Learn how to overcome learned helplessness, stop feeling powerless, break free from uncontrollable situations, and change your situation for a better mindset.
Have you ever felt stuck or powerless, like no matter what you do, nothing changes? That feeling of helplessness is what psychologists call learned helplessness, first studied by Maier and Martin Seligman. It can really take a toll on your self-esteem, lead to negative thought patterns, and sometimes even contribute to anxiety or depression.
Learned helplessness often shows up after going through repeated negative events you can’t control. Over time, people may stop trying or feel helpless even when there’s a real chance to change the situation. A pessimistic explanatory style or sense of lack of control can make someone more likely to experience it.
The good news? Learned helplessness isn’t permanent. With tools like cognitive behavioural therapy or CBT, learned optimism, and building resilience, people can start to take action again. Keep reading to see practical ways to overcome learned helplessness and feel more in control.

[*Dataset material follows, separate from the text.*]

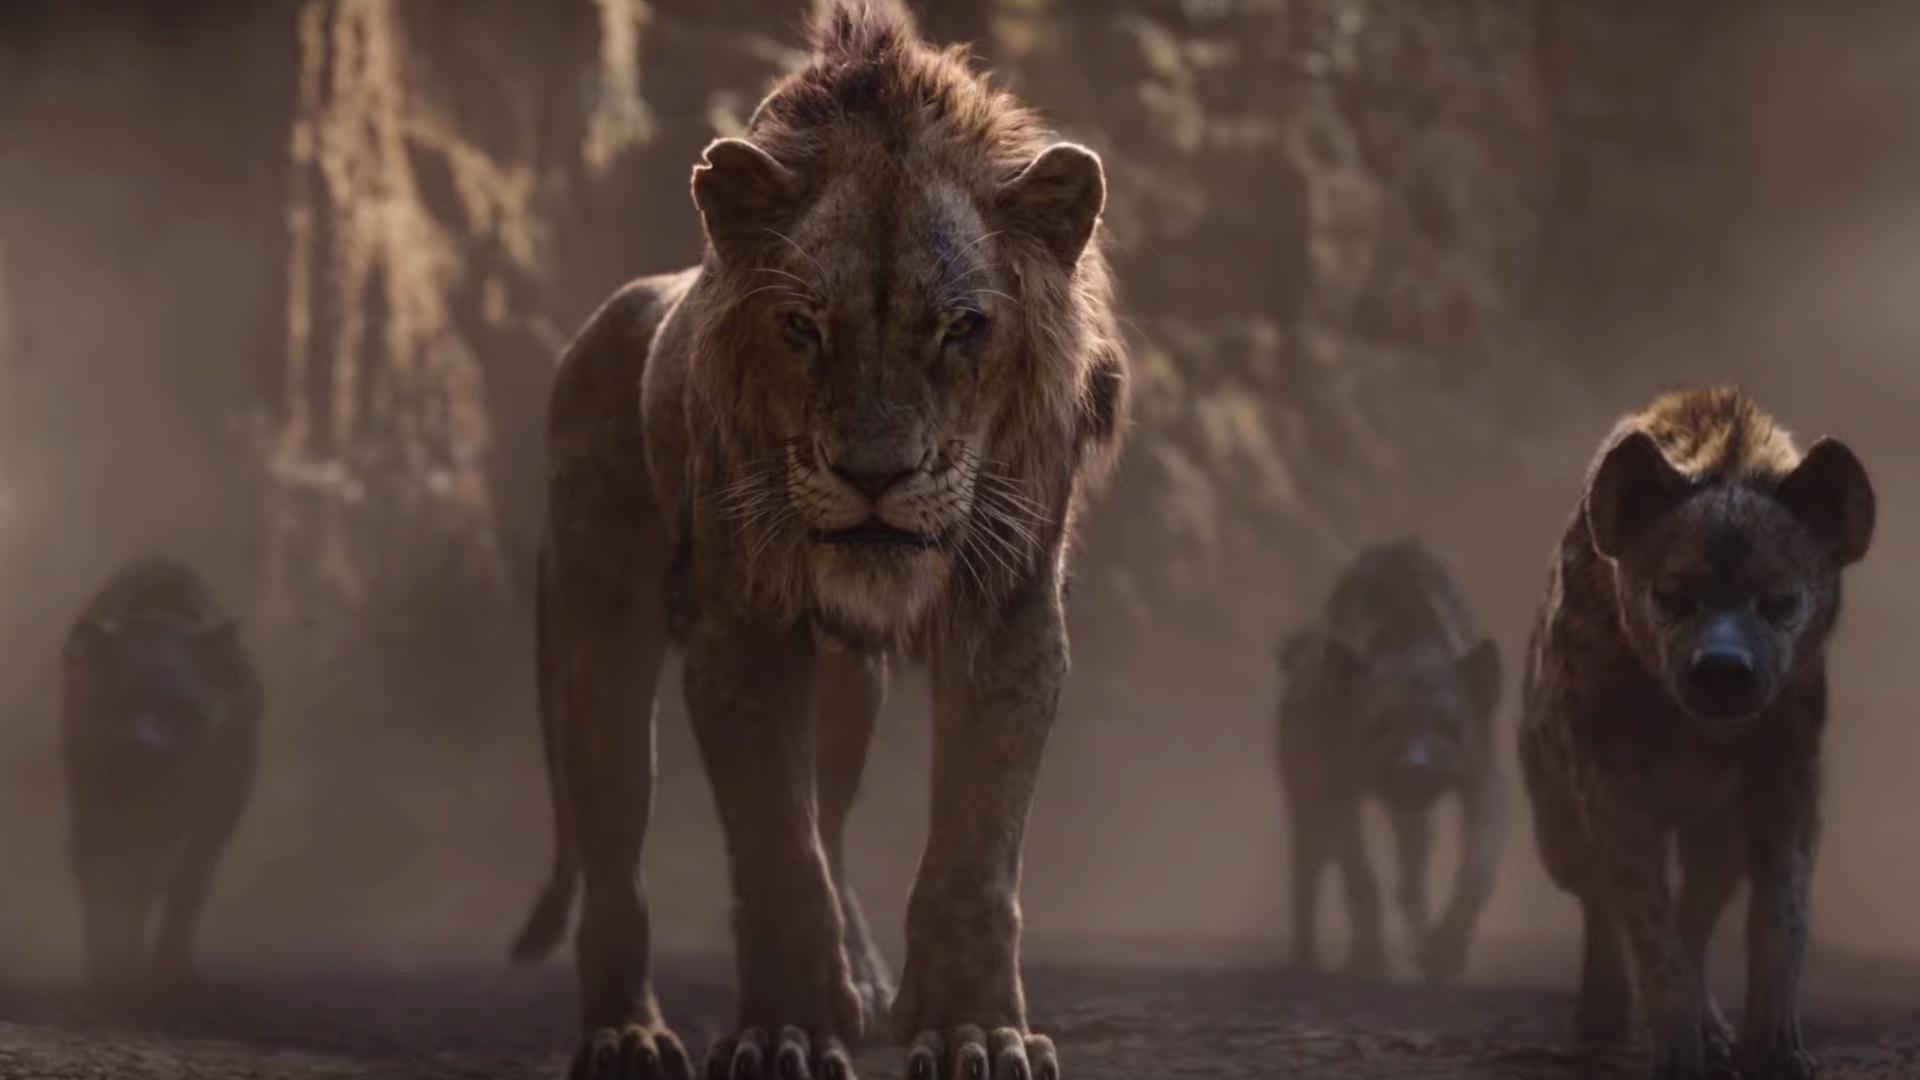 Disney Releases Visually Stunning New Trailer For Jon

In 1967, Professors Martin Seligman and Steven F. Maier first described learned helplessness through experiments showing how repeated uncontrollable events can shape the way we think, feel, and act.
Their work helps explain why we sometimes feel stuck or powerless, even when there are opportunities to change. Understanding this theory makes it easier to see how learned helplessness can develop and why it affects both thoughts and behaviour.
Contingency is about the connection between what you do and the results you get. Learned helplessness occurs when that link seems unreliable or nonexistent.
Cognition refers to how people interpret situations and their ability to control outcomes. Awareness that your efforts don’t influence results shapes feelings of learned helplessness.
Behaviour describes the passive or avoidant actions that result from learned helplessness. When someone believes that trying is pointless, they may stop taking action, even when opportunities exist.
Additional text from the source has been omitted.